The girl and the boy spend the rest of the week trying to prepare the farm for Margaret’s guest. They pick up all the rotten hay from the courtyard, and sweep the stones underneath. The girl scours the hearths and the boy puts fresh straw in the chicken coop and scrubs the ducks’ pens with water.
Margaret’s student is due to arrive on the morning of the boy and the girl’s first day off. The night before, the boy and the girl do not get off work until nearly ten o’clock. Margaret asked them to scrub all of the troughs and water-buckets before leaving.
“She was supposed to pay us today,” says the boy, as they trudge up the hill toward the cabin. His teeth are chattering because the sleeves of his jacket are soaked with water. “Did she give you any money?”
“No. Diane said she still hasn’t paid her, either. We’re almost out of food. We need to go to the grocery store.”
“We can go tomorrow,” the boy says.
“I forgot to tell you, Diane said that Margaret asked that we come down to the barn a
t eight o’clock tomorrow morning, just so I can build up all the fires and you can help with the feed and turnout before the guest arrives.”
The boy doesn’t say anything; the girl knows he’s been looking forward to sleeping in tomorrow morning. He leans forward and wraps his arms around his stomach; his shoulders slump forward, as if he’s in pain.
“Are you all right?”
“It’s nothing. Just stomach cramps.”
“I’m getting so sick of this!” the girl says. “Margaret has no idea what she’s doing! I never see her working with her horses, and her stupid horsemanship rules just make the animals worse off! She only runs this place so she can collect things.”

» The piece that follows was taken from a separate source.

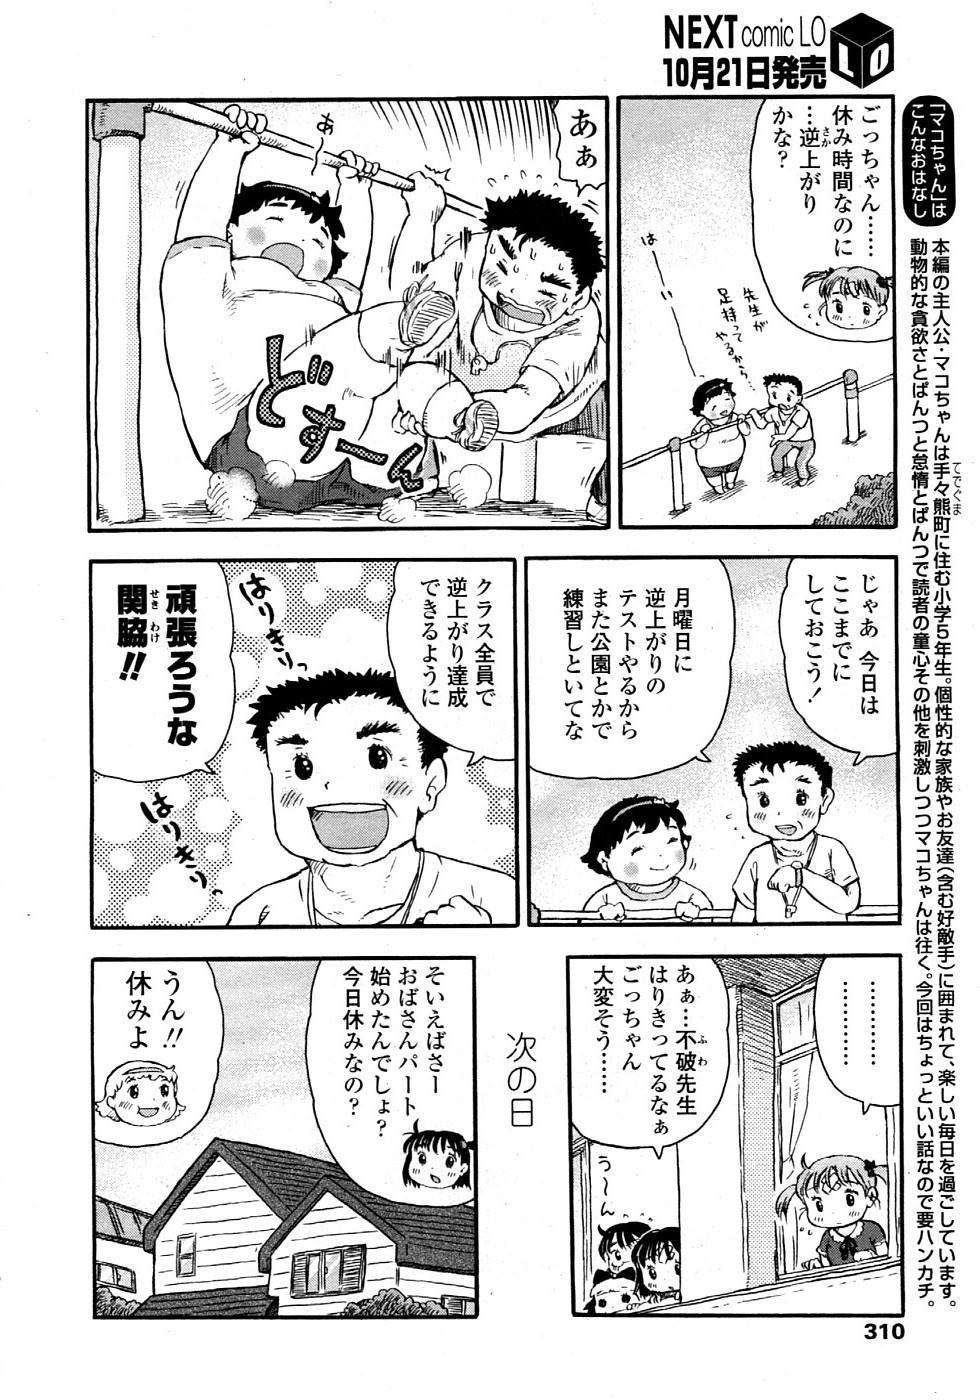 Comic LO 2008-11 Vol. 56 309

“Collect things?” the boy asks.
“She collects everything. She takes away the hens’ eggs even though she doesn’t sell them, and nobody’s allowed to eat them. I just end up throwing them out. She collects broken animals and broken machinery. And you should see the weird stuff she collects in the kitchen. What do you think she does upstairs, besides spy on everyone? It smells awful up there. You know, she might actually need help. Like, mental help. If it was just the farm and the animals, it would be bad enough. But she collects people.”
“Actually,” says the boy, his voice hollow, “people are about the only things she doesn’t mind getting rid of.”
The girl is beginning to worry about the boy. He should have been getting more and more confident in his work with each passing day, but he is only becoming more and more anxious. And his stomach pains seem to be getting worse.
The next morning, the girl gets to the house half an hour early so that she can ensure all of the fires are built up. After tidying the kitchen and helping Diane and the boy with the morning feed, she cleans the upstairs bathroom, something she’s been meaning to do since she arrived.
She scrubs the sink and bathtub, and she washes the floor. She prunes the plants that are hanging in baskets in front of the window. She throws out a number of cracked, dirty soaps from the soap dish and some rotting rolls of toilet paper she found beneath the sink.